Material shown:
=-=-=
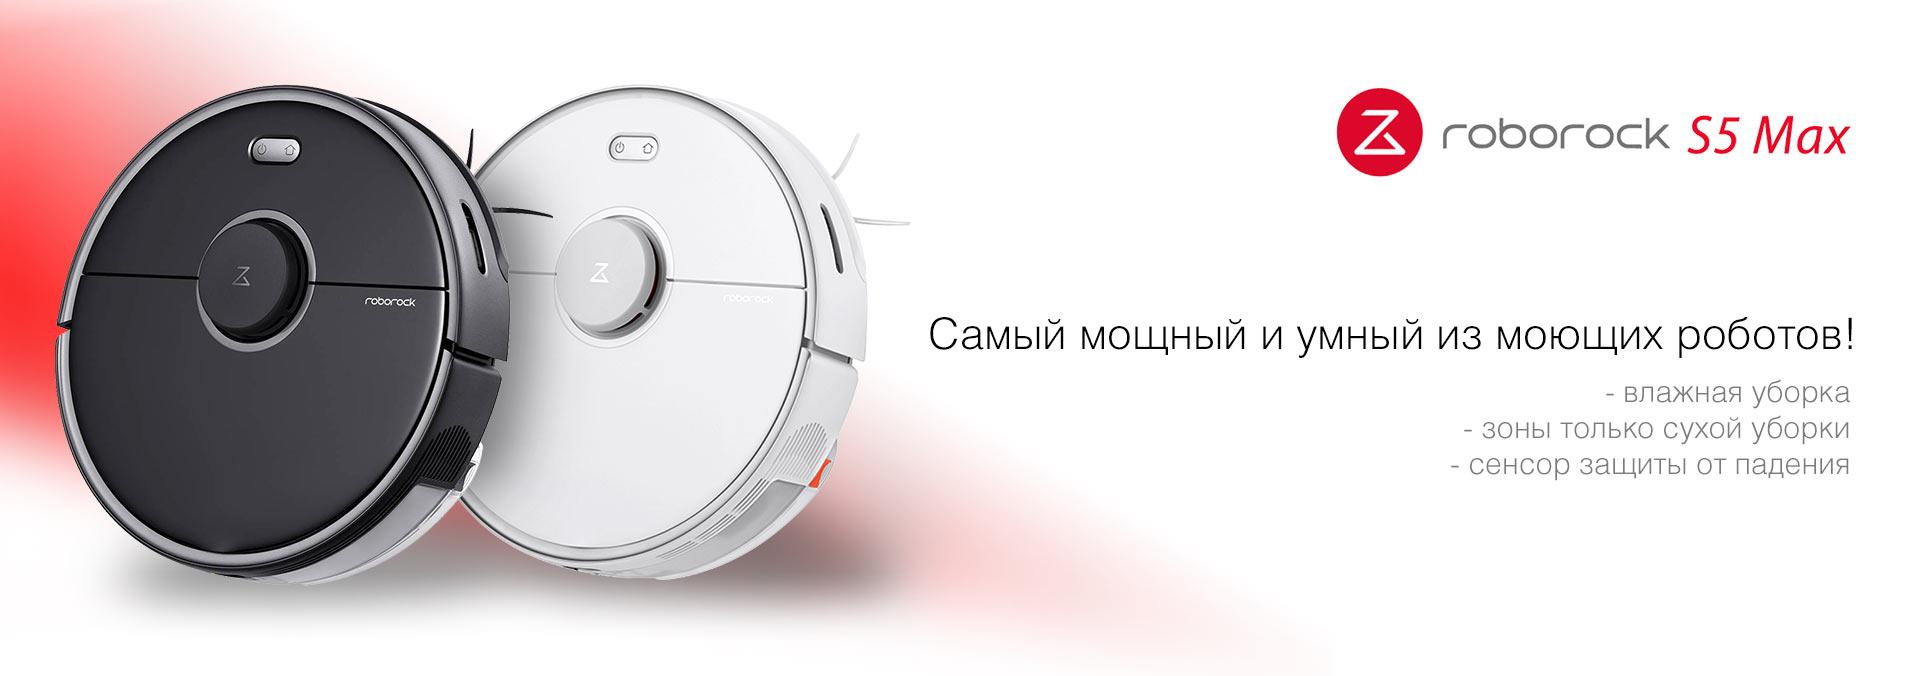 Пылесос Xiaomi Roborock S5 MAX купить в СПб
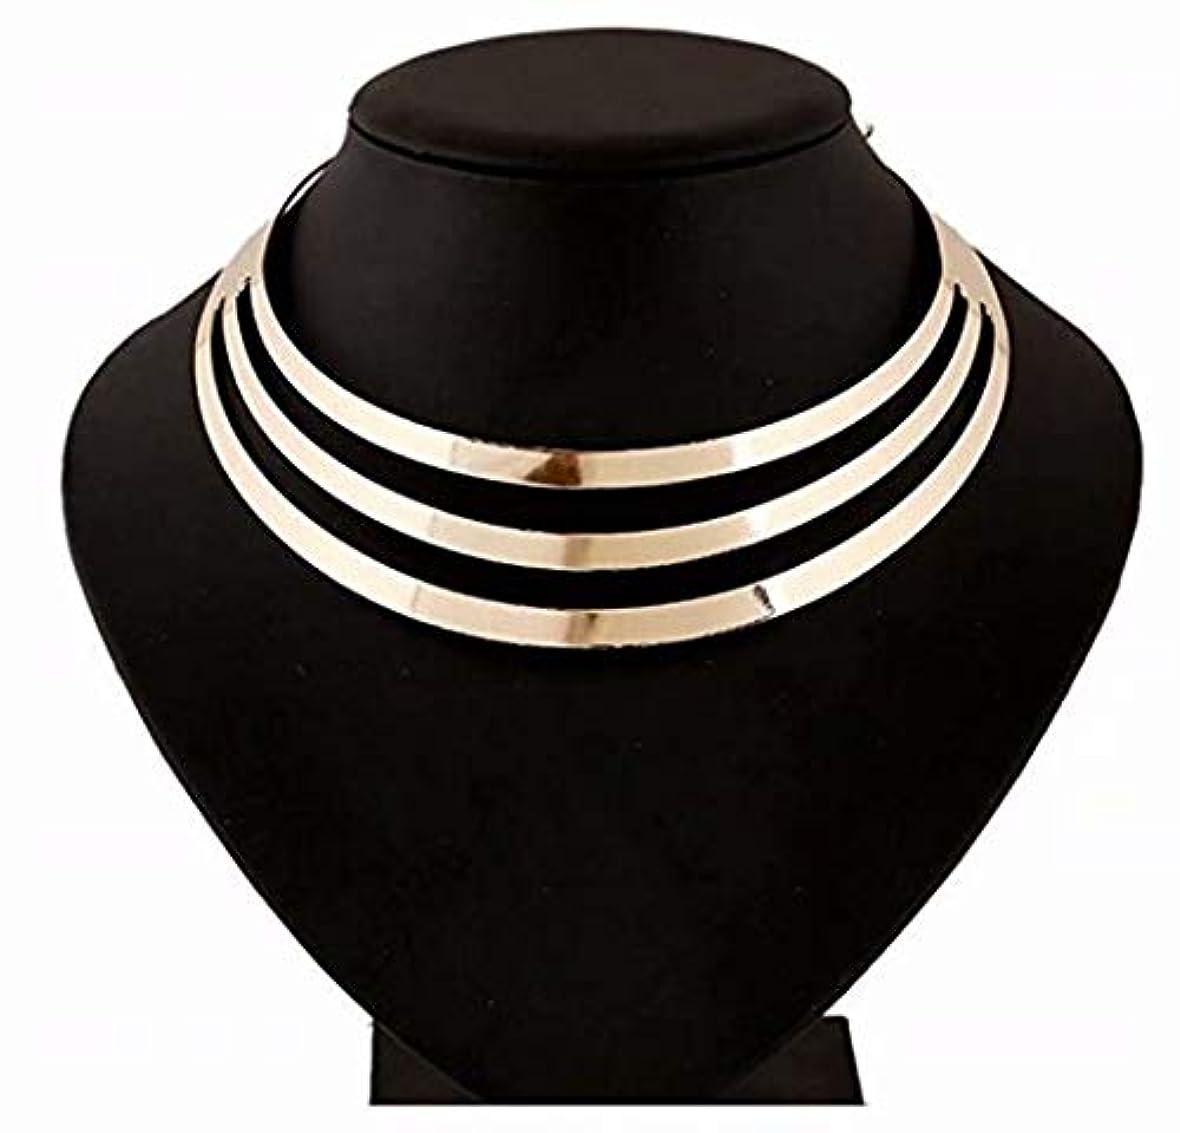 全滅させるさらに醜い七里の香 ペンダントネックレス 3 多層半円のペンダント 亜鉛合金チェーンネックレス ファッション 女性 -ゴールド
=-=-=
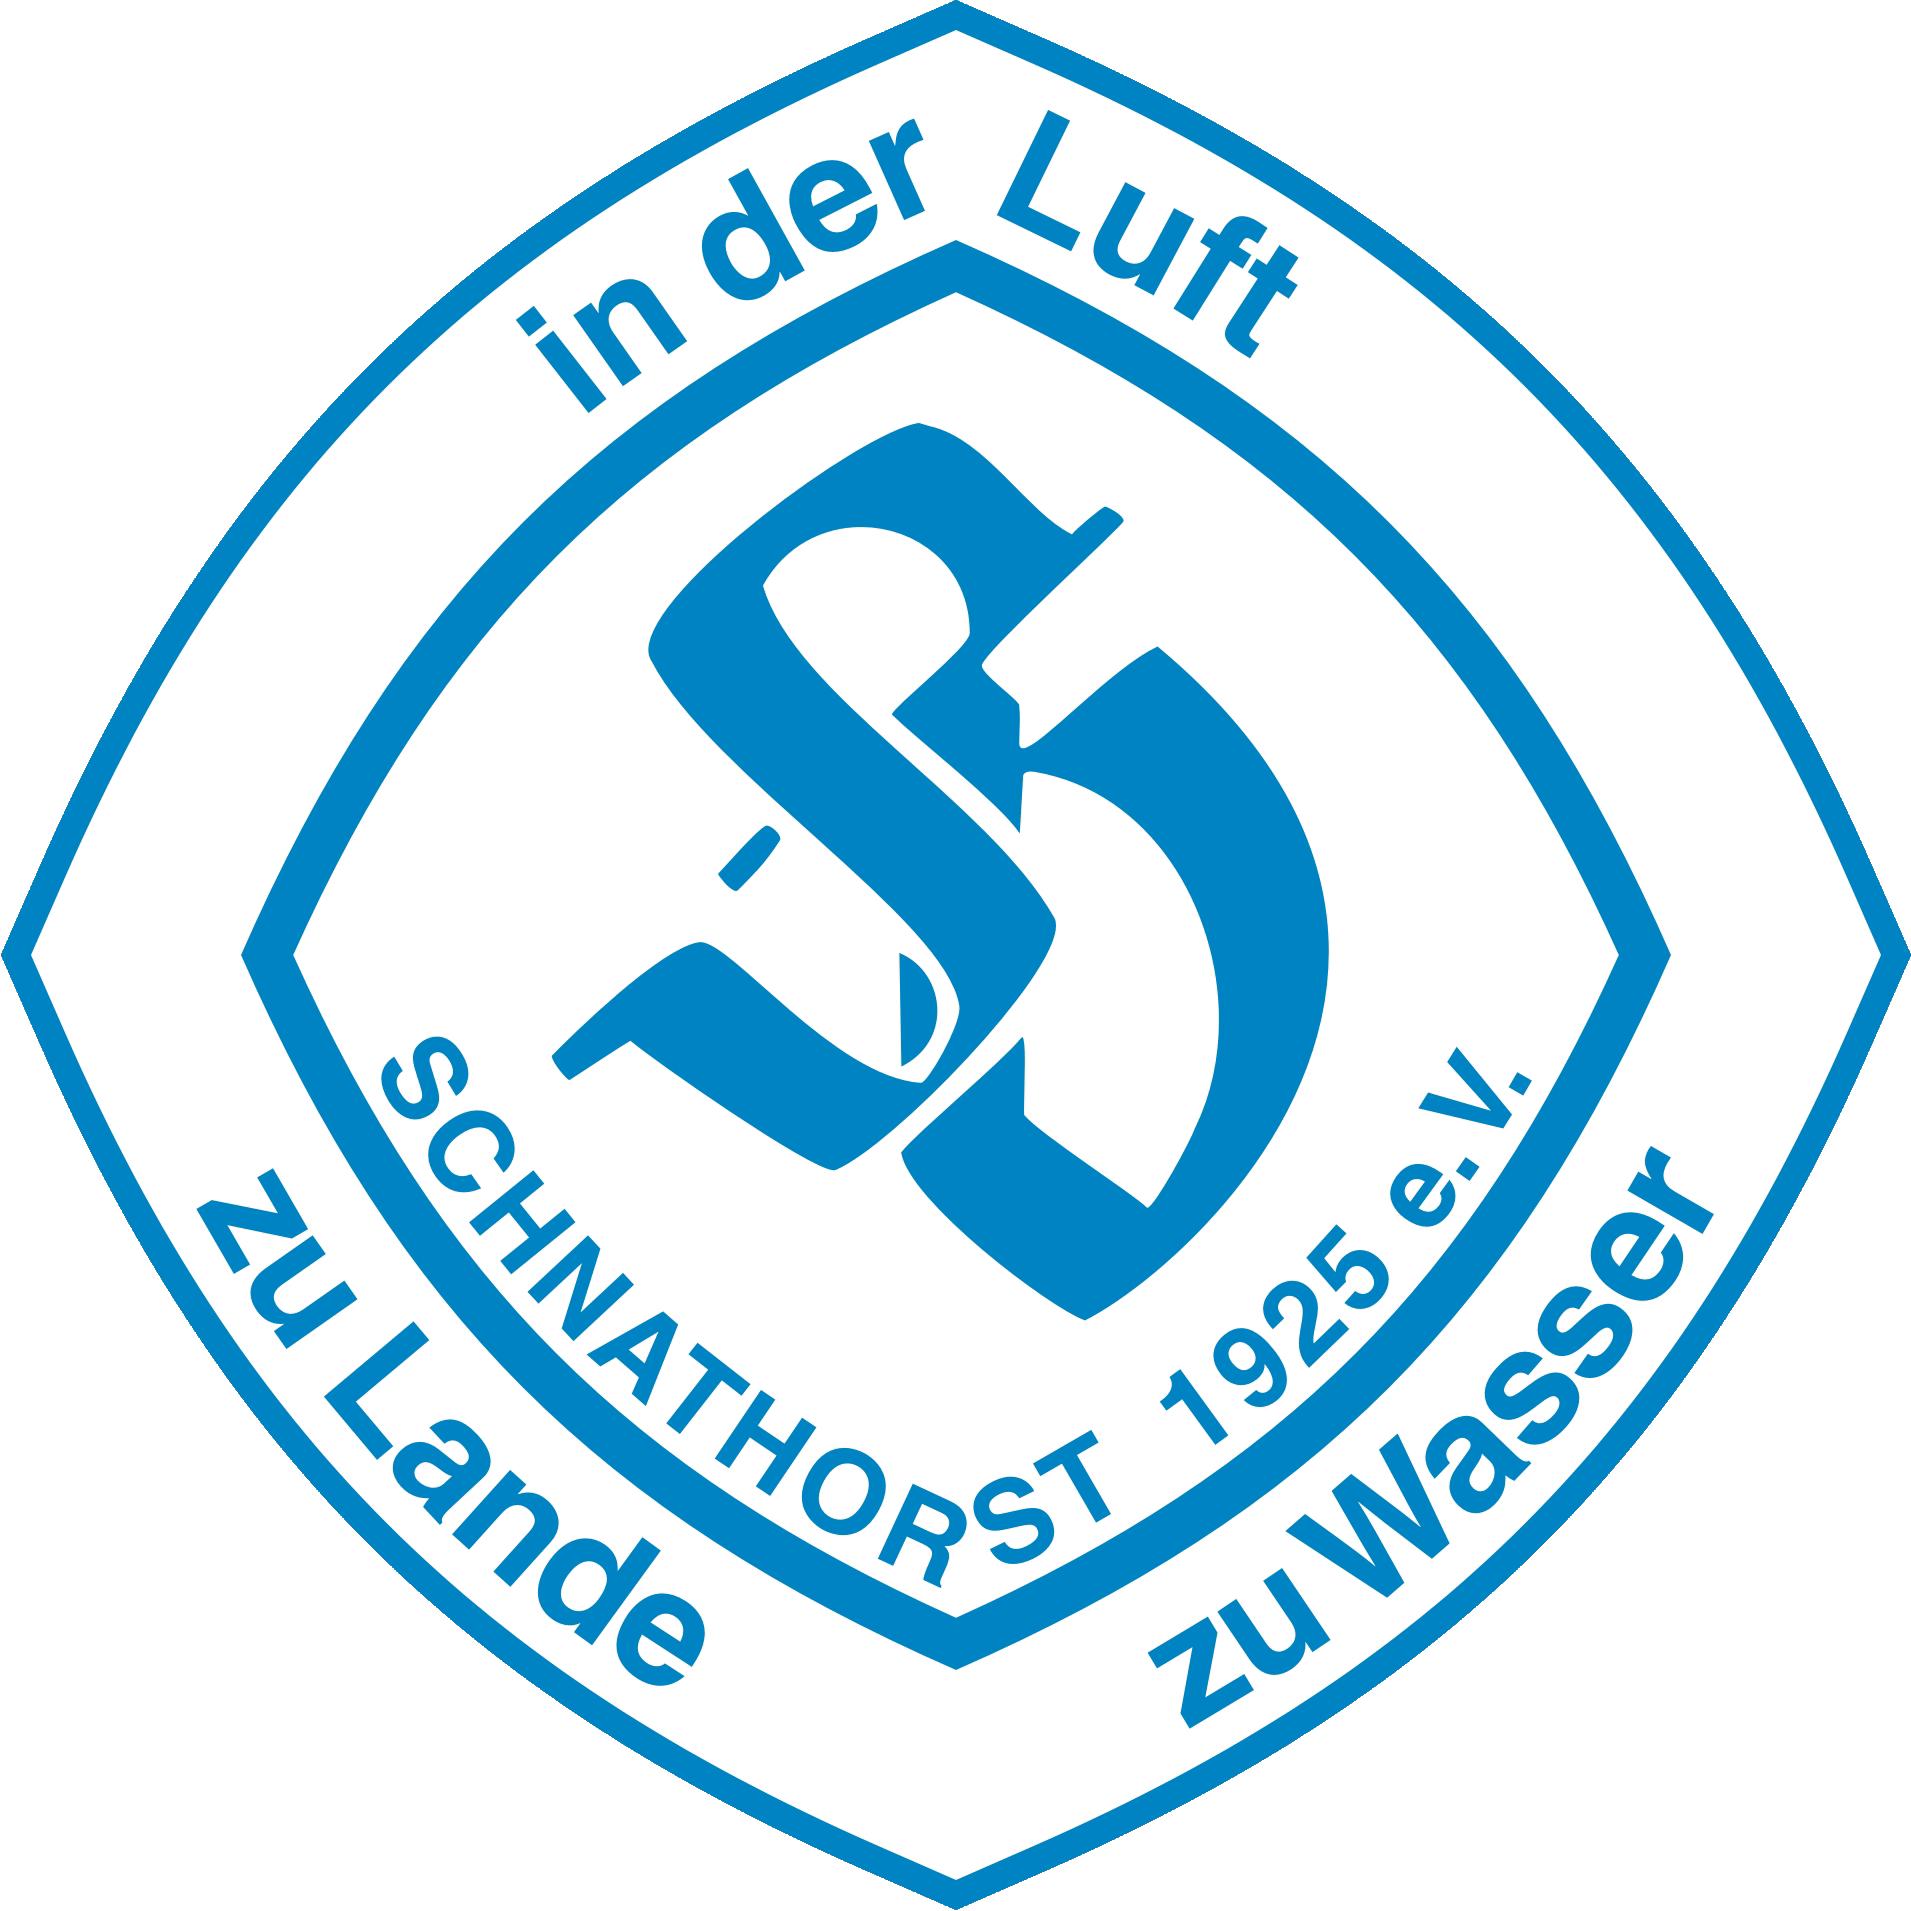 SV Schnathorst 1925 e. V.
=-=-=
Problem: Line for line, output the entries above from the line with "Пылесос Xiaomi Roborock S5 MAX купить в СПб" to the line with "全滅させるさらに醜い七里の香 ペンダントネックレス 3", both included, and nothing more. Skip pictures.

Task answer:
 Пылесос Xiaomi Roborock S5 MAX купить в СПб
 全滅させるさらに醜い七里の香 ペンダントネックレス 3 多層半円のペンダント 亜鉛合金チェーンネックレス ファッション 女性 -ゴールド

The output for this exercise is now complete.